Your instructions:
Within the entries below, find the portion that opens with the line containing "2021-10-3(40) 확정002.png" and closes with the line containing "理想の女性らしさがかなう、ノバレーゼの清潔感ある肌見せドレス". Retype that portion exactly and only.

Dataset extract:
::::::::::

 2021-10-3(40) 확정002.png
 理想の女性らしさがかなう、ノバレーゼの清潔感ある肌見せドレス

::::::::::

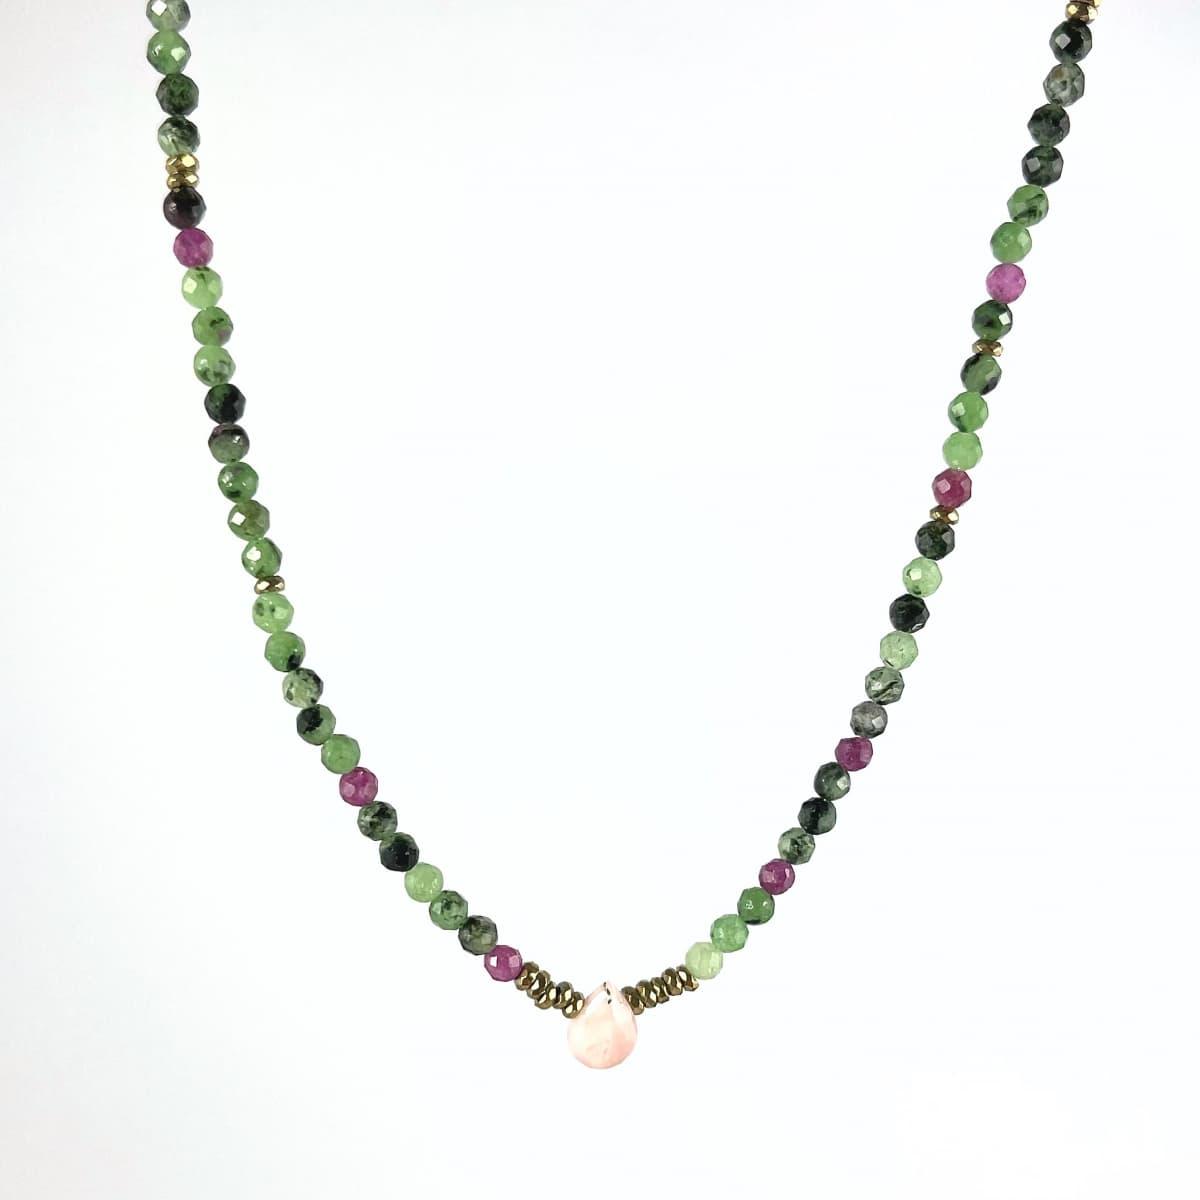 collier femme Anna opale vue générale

::::::::::

Answer to this exercise:
 2021-10-3(40) 확정002.png
 理想の女性らしさがかなう、ノバレーゼの清潔感ある肌見せドレス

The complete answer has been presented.